IF 1.3 3区 生物学 Q4 MATHEMATICAL & COMPUTATIONAL BIOLOGY Pub Date : 2024-11-28 DOI: 10.1002/bimj.70011
Kim Luijken, Paweł Morzywołek, Wouter van Amsterdam, Giovanni Cinà, Jeroen Hoogland, Ruth Keogh, Jesse H. Krijthe, Sara Magliacane, Thijs van Ommen, Niels Peek, Hein Putter, Maarten van Smeden, Matthew Sperrin, Junfeng Wang, Daniala L. Weir, Vanessa Didelez, Nan van Geloven

Prediction models are used among others to inform medical decisions on interventions. Typically, individuals with high risks of adverse outcomes are advised to undergo an intervention while those at low risk are advised to refrain from it. Standard prediction models do not always provide risks that are relevant to inform such decisions: for example, an individual may be estimated to be at low risk because similar individuals in the past received an intervention which lowered their risk. Therefore, prediction models supporting decisions should target risks belonging to defined intervention strategies. Previous works on prediction under interventions assumed that the prediction model was used only at one time point to make an intervention decision. In clinical practice, intervention decisions are rarely made only once: they might be repeated, deferred, and reevaluated. This requires estimated risks under interventions that can be reconsidered at several potential decision moments. In the current work, we highlight key considerations for formulating estimands in sequential prediction under interventions that can inform such intervention decisions. We illustrate these considerations by giving examples of estimands for a case study about choosing between vaginal delivery and cesarean section for women giving birth. Our formalization of prediction tasks in a sequential, causal, and estimand context provides guidance for future studies to ensure that the right question is answered and appropriate causal estimation approaches are chosen to develop sequential prediction models that can inform intervention decisions.
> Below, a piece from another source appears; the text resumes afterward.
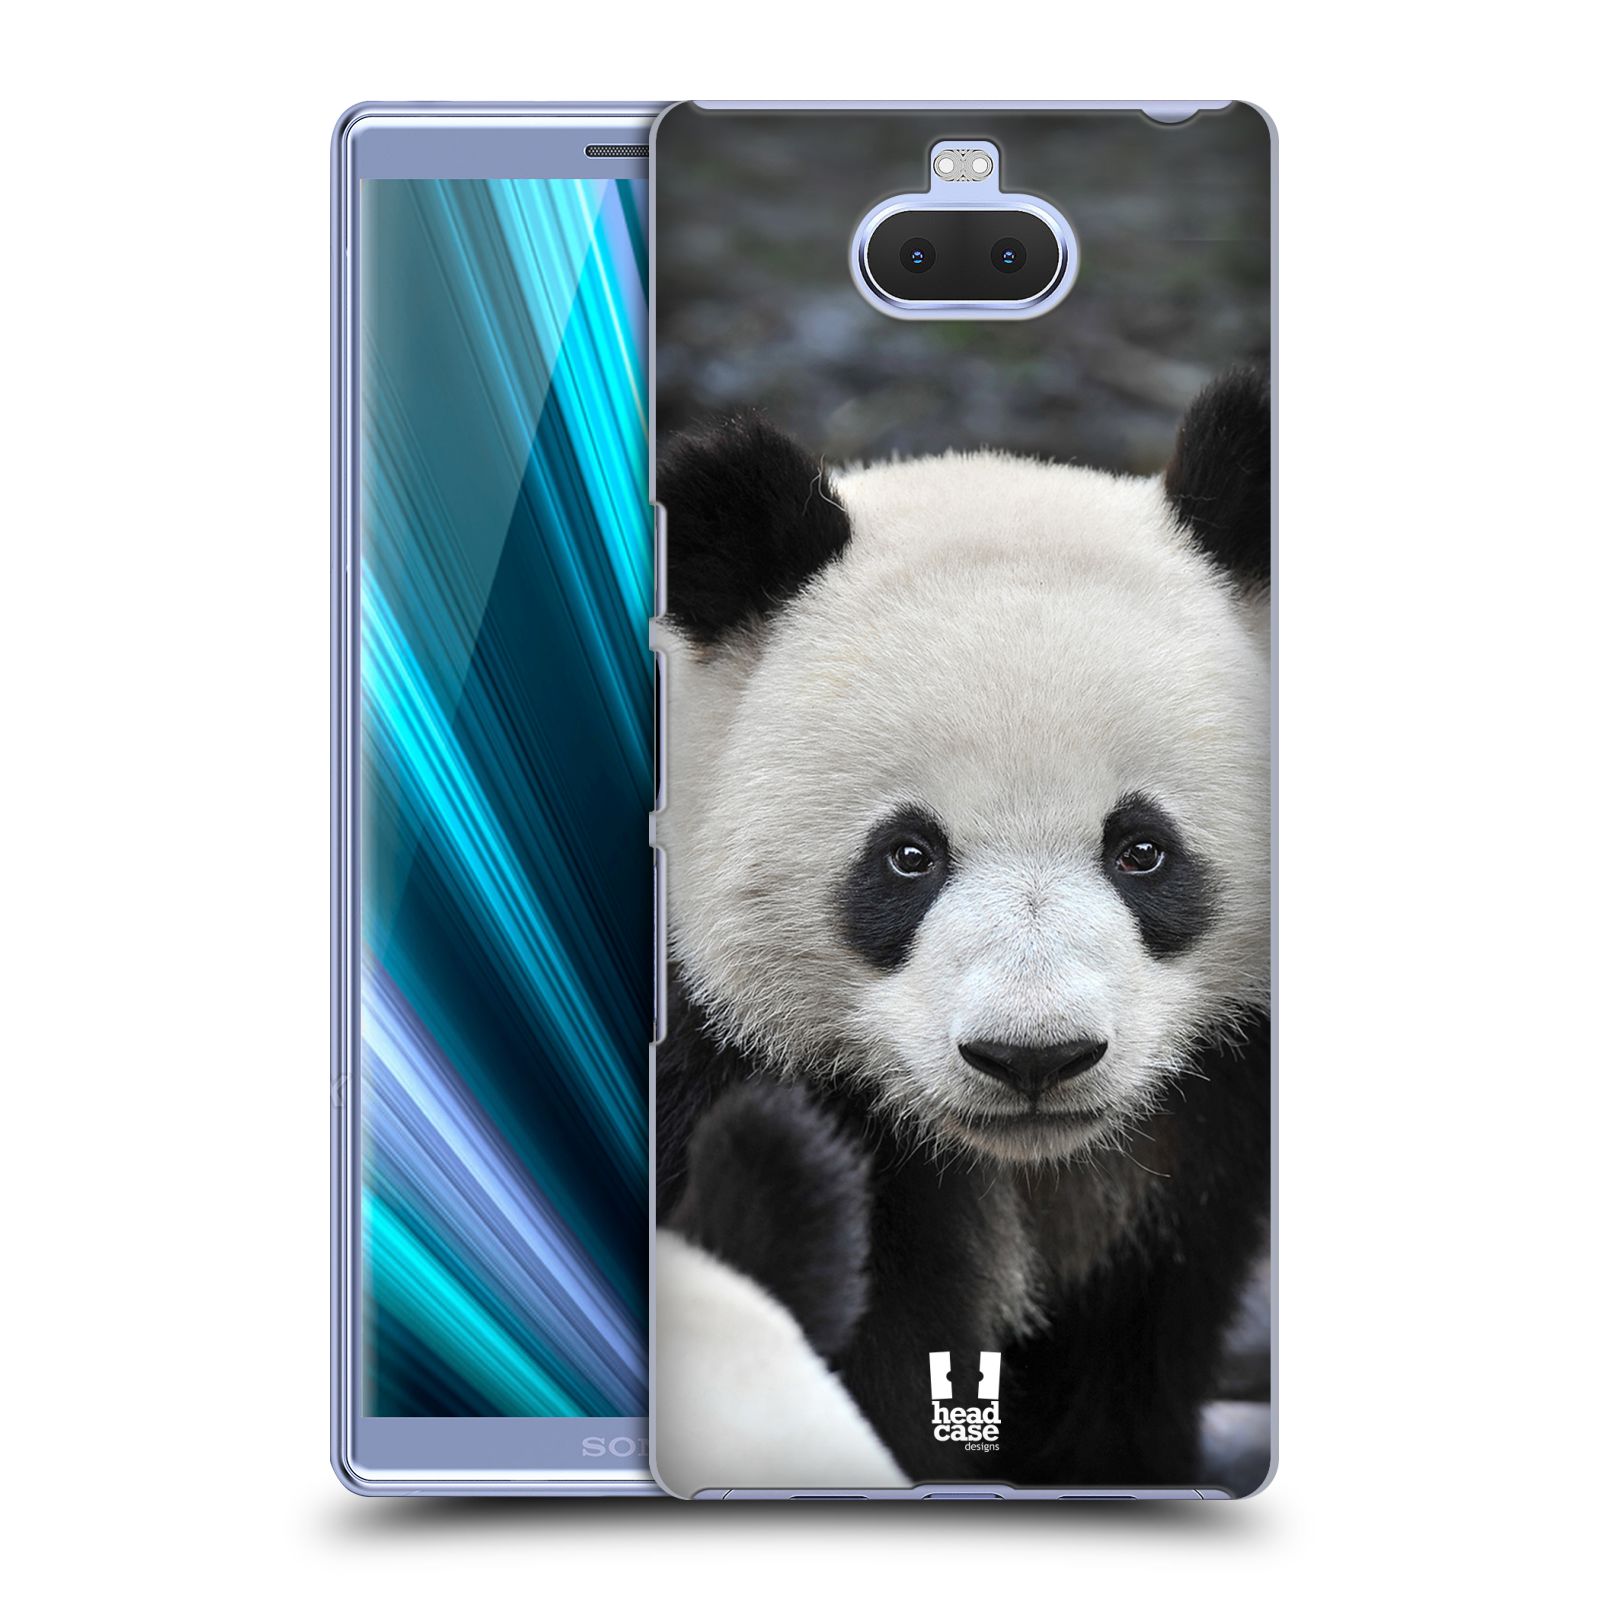 Zadní obal pro mobil Sony Xperia 10 - HEAD CASE - Svět zvířat medvěd panda

预测模型主要用于为医疗干预决策提供信息。通常,建议不良后果风险高的人接受干预,而建议风险低的人不要接受干预。标准预测模型并不总能提供与此类决策相关的风险信息:例如,一个人可能被估计为低风险,因为过去类似的人接受了干预,从而降低了风险。因此,支持决策的预测模型应针对属于既定干预策略的风险。以前关于干预下预测的研究假设预测模型只在一个时间点用于做出干预决定。在临床实践中,干预决策很少只做一次:可能会重复、推迟和重新评估。这就要求干预措施下的估计风险可以在多个潜在的决策时刻进行重新考虑。在当前的工作中,我们强调了制定干预措施下的连续预测估计值的关键考虑因素,这些估计值可为此类干预决策提供信息。我们举例说明了这些注意事项,并给出了一个关于产妇在阴道分娩和剖腹产之间做出选择的案例研究的估计值。我们在顺序、因果关系和估计因素的背景下对预测任务进行了形式化,为今后的研究提供了指导,以确保回答正确的问题,并选择适当的因果关系估计方法来开发可为干预决策提供信息的顺序预测模型。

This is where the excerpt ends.